A special unit of the police system is the National Police Field Forces (NPFF). Members of this organization wear brown camouflaged Uniforms and are often mistaken for regular armed forces. The NPFF is a paramilitary organization which conducts operations against the VC infrastructure, and which participates with military forces in cordon and search operations.

The large number of Viet Cong and Viet Cong infrastructure suspects apprehended ty the forces of the GVN has created a special need for improved detention and correction programs. CORDS advisors therefore assist the GVN in its prison and detention facilities improvement program, which is designed to establish a penal system capable of providing sufficient and appropriate facilities for such prisoners. Emphasis in this detention system is placed on prisoner vocational training and rehabilitation to induce prisoners to rally to the side of the GVN. Related to this activity, the National Police and its US advisors are involved in a campaign to establish a central records file and to issue tamper-proof identification cards to all citizens fifteen years of age and over. This program is designed to identify and isolate the enemy, who has in the past encountered little difficulty forging and falsifying identity papers.

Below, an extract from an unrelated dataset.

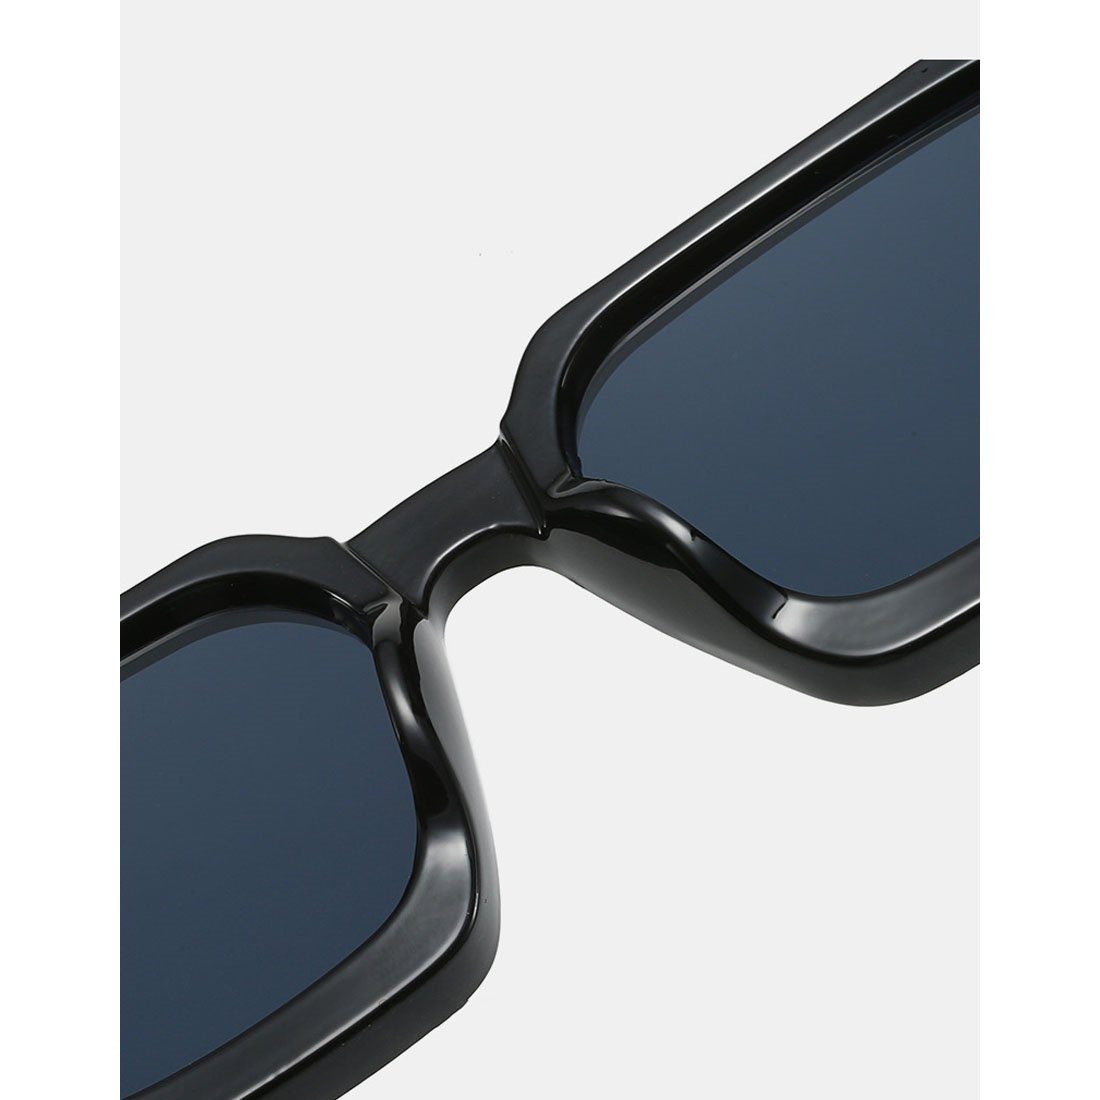 für Frauen,Sommer-Sonnenbrille Sport-Sonnenbrille für draußen Trendige Sonnenbrille DÖRÖY

In another facet of this CORDS advisory effort, police communications experts are involved in the development of a village/hamlet radio network to serve in place of a telephone system, as telephone systems are considered far too vulnerable to sabotage.

CORDS/Phoenix

The attack on the enemy infrastructure is a most important program in the clearing; and security phases of pacification. The specific Vietnamese program in this effort provides a combined system of GVN/US intelligence gathering and collating agencies from the national level down through corps, provinces and district levels. The information gathered serves to identify hard-core communists and VC agents operating at all levels of the insurgency.  Once identified, they are targeted by action forces and killed, captured, or rallied with the objectives of eliminating VC influence and terrorism over the local population and denying important assistance to VC/NVA military forces.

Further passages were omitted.